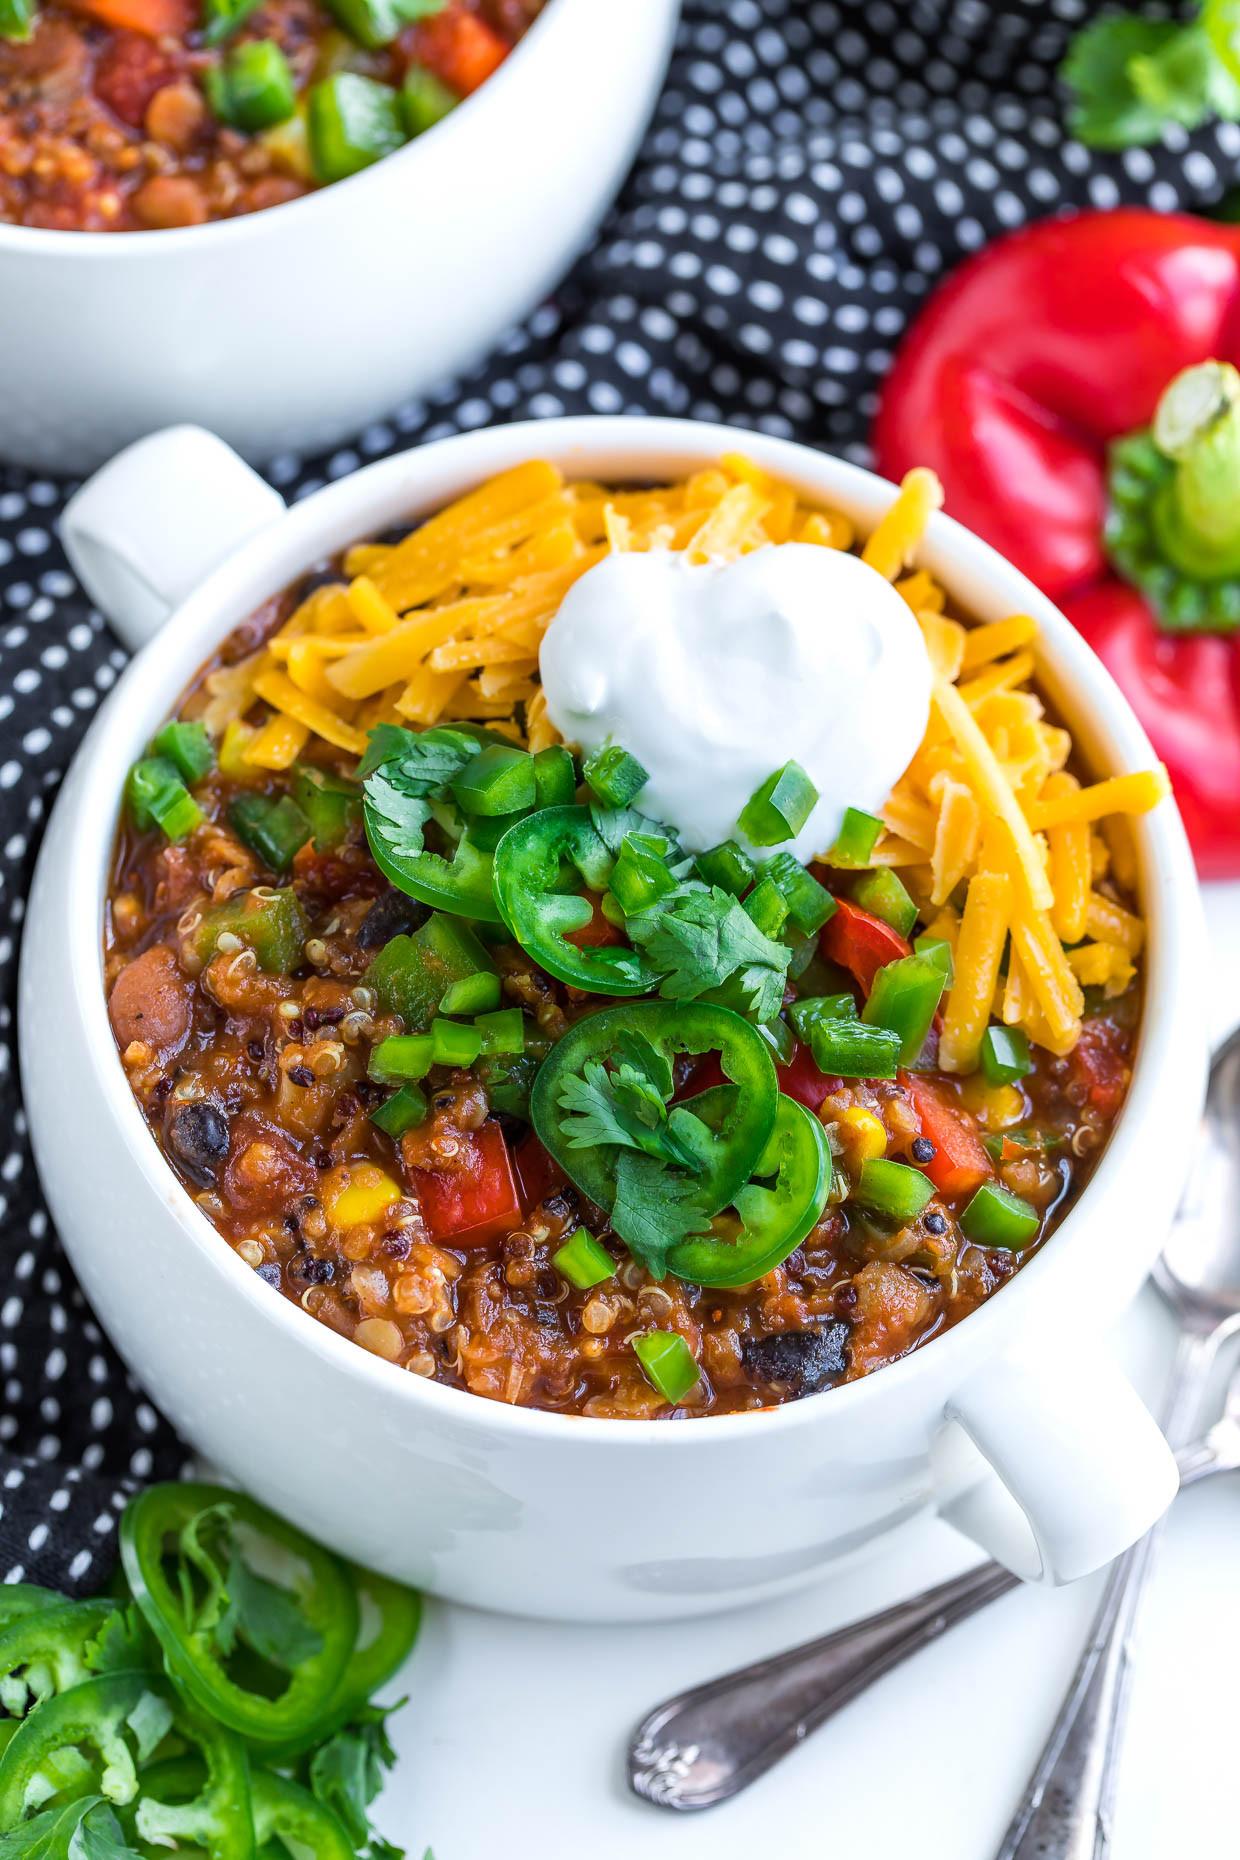 Easy Instant Pot Recipes Vegetarian  Instant Pot Ve arian Quinoa Chili Peas And Crayons
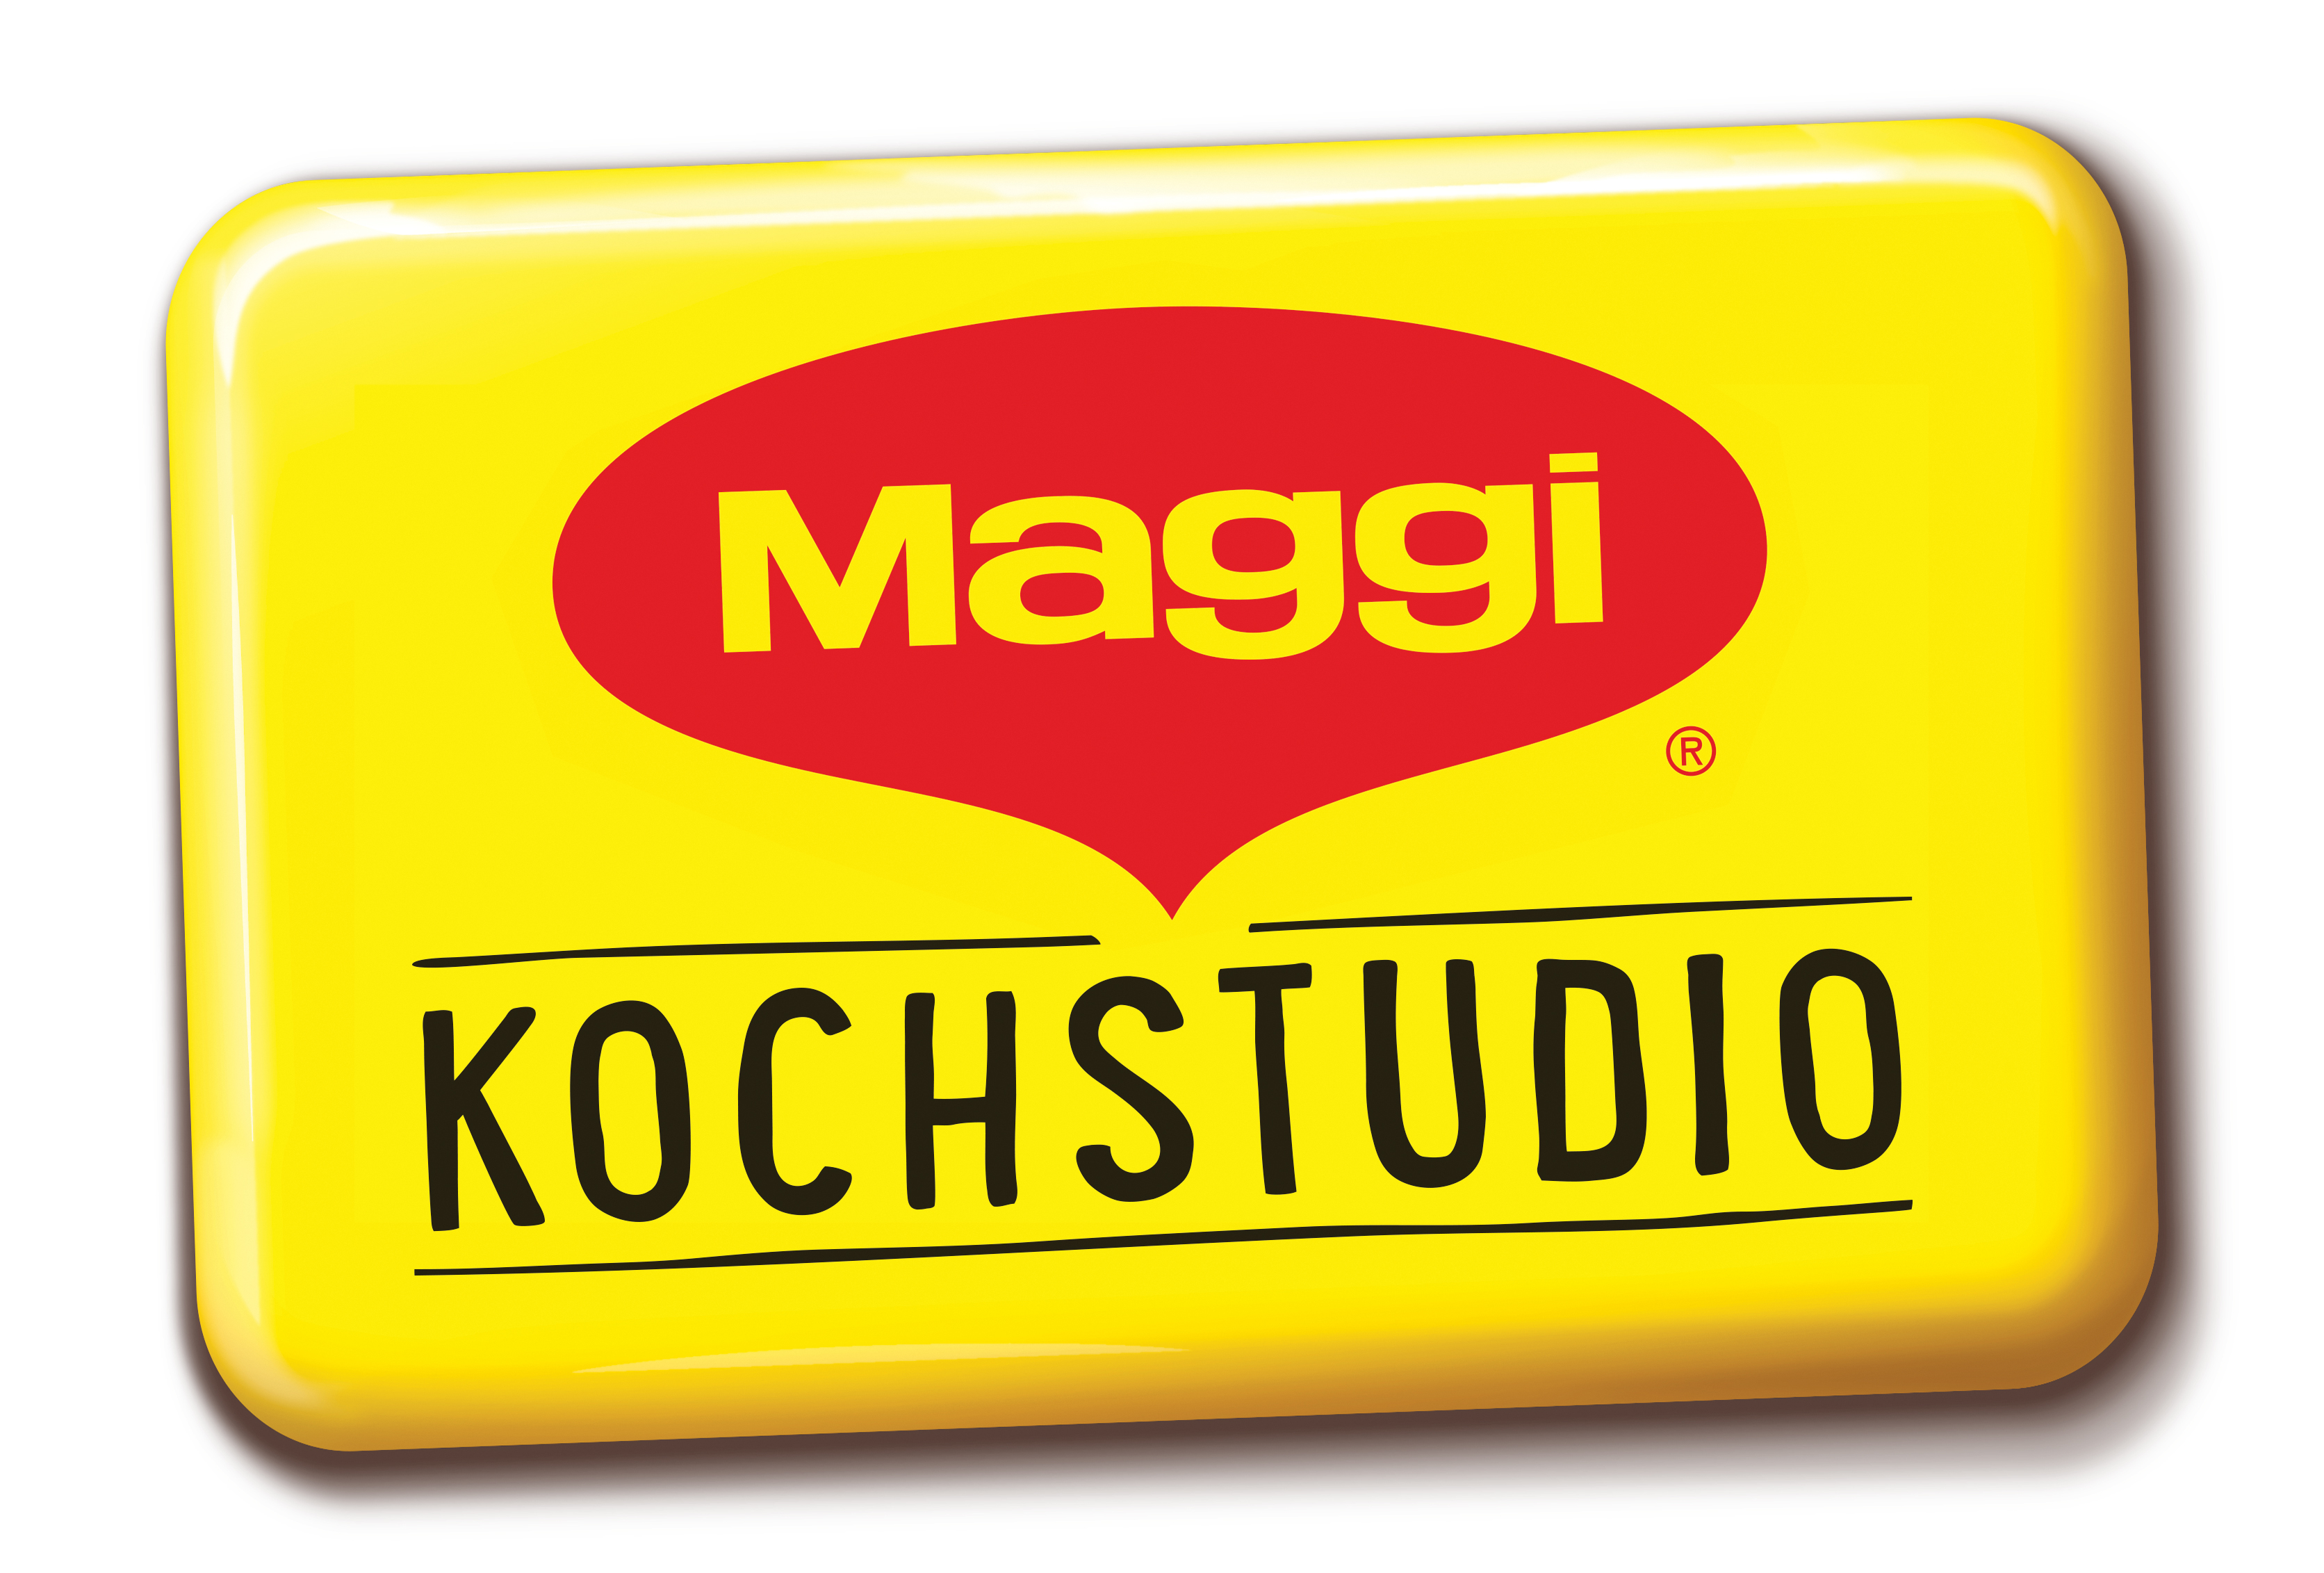 Maggi_Brandmark_Y-7533C-485C
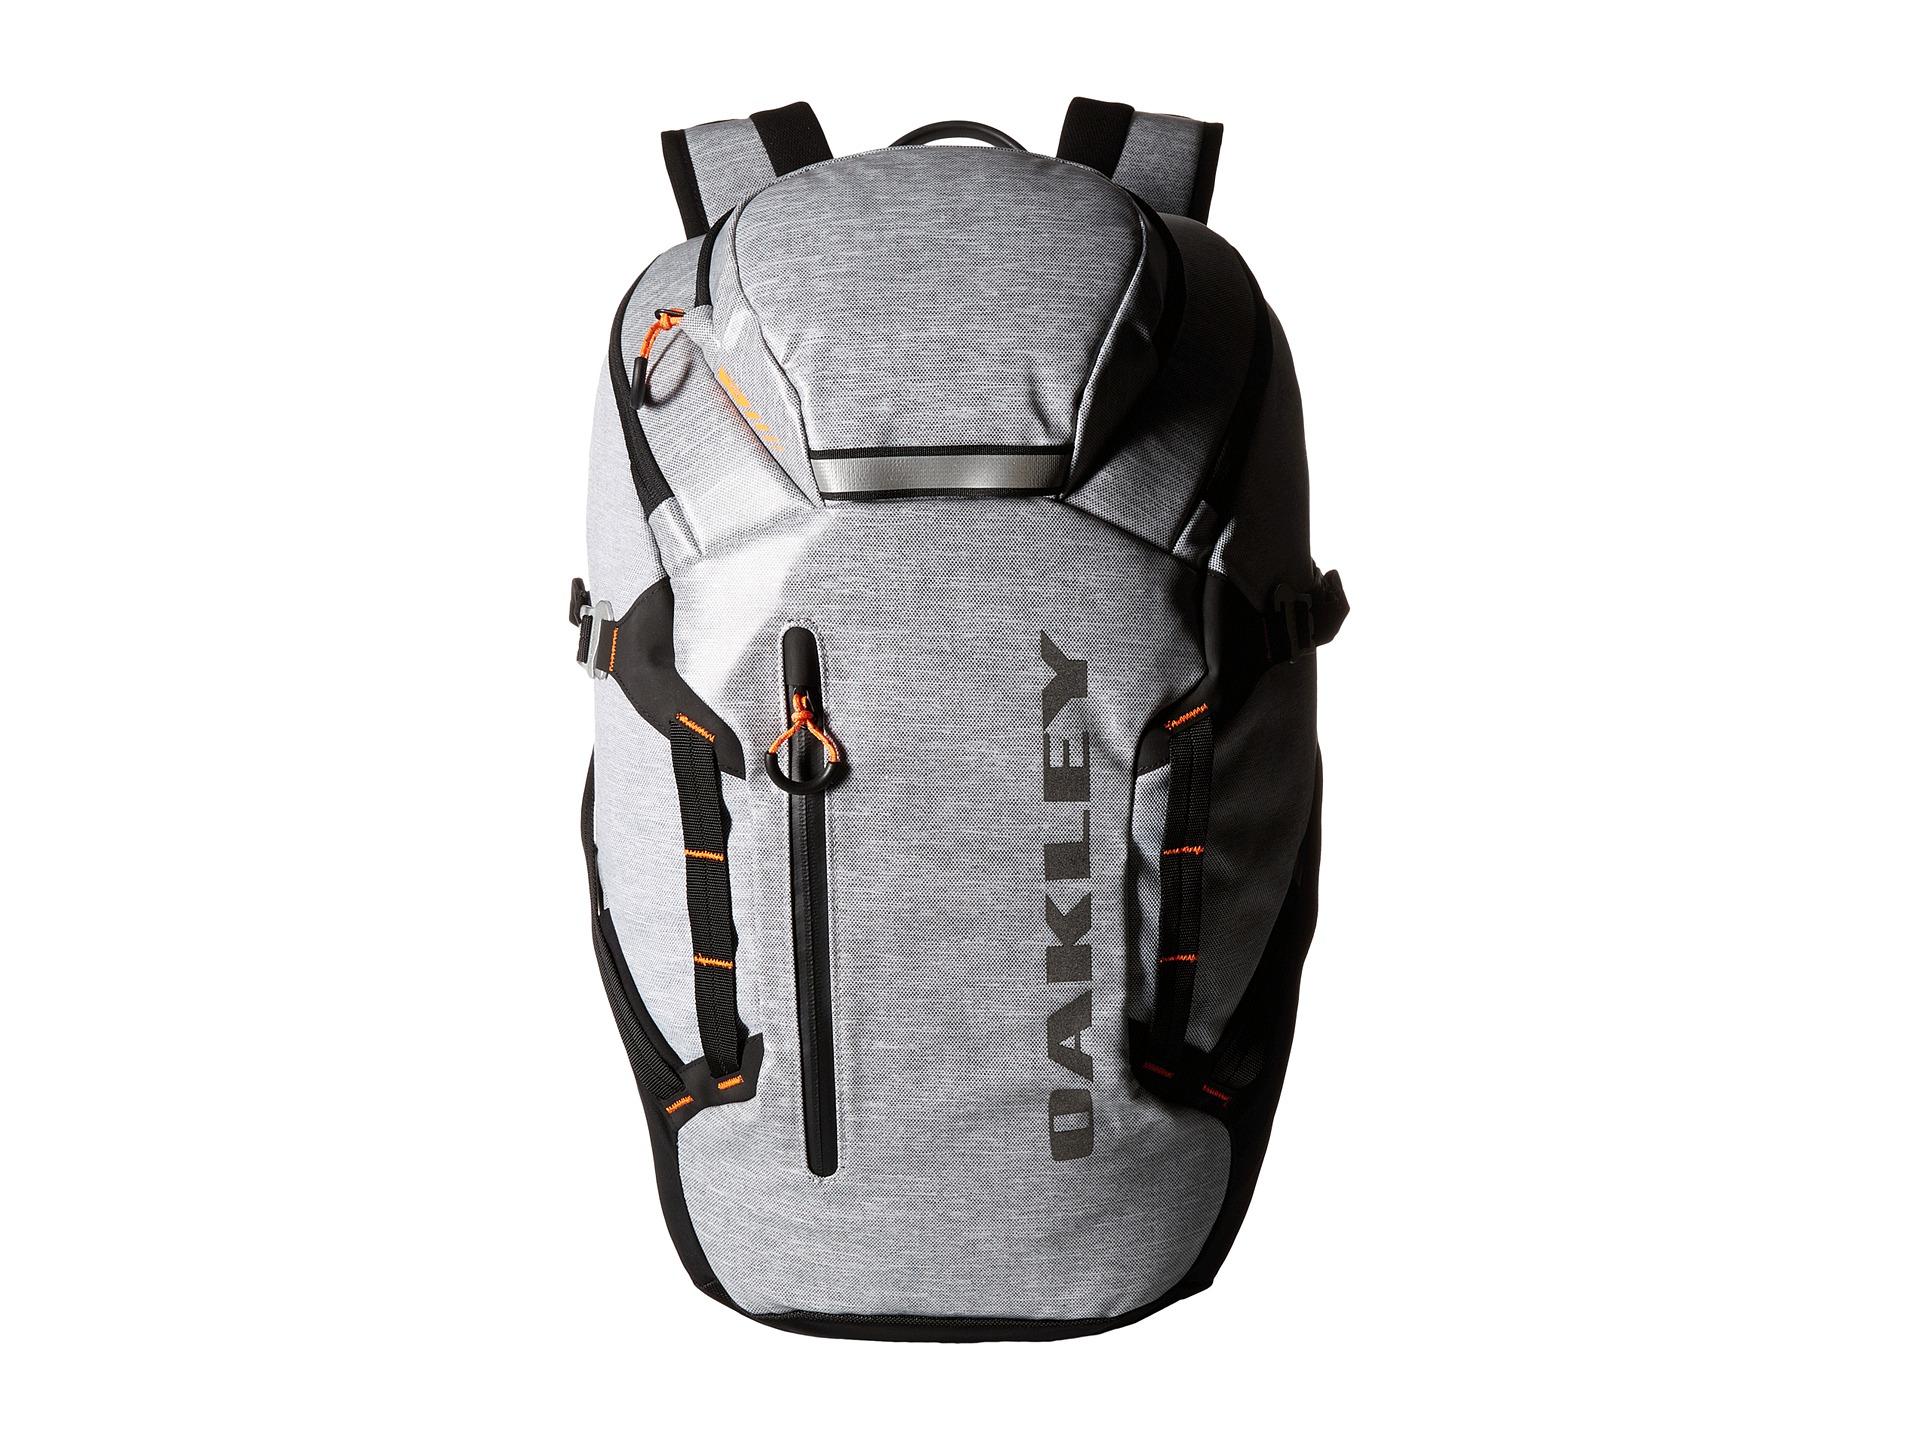 Lyst - Oakley Voyage 27 Pack in Gray for Men

=-=-=

Transcribe every line of the data exactly. No pictures go in the copy.

◆ RESPONSE AREA
 Easy Instant Pot Recipes Vegetarian  Instant Pot Ve arian Quinoa Chili Peas And Crayons
 Maggi_Brandmark_Y-7533C-485C
 Lyst - Oakley Voyage 27 Pack in Gray for Men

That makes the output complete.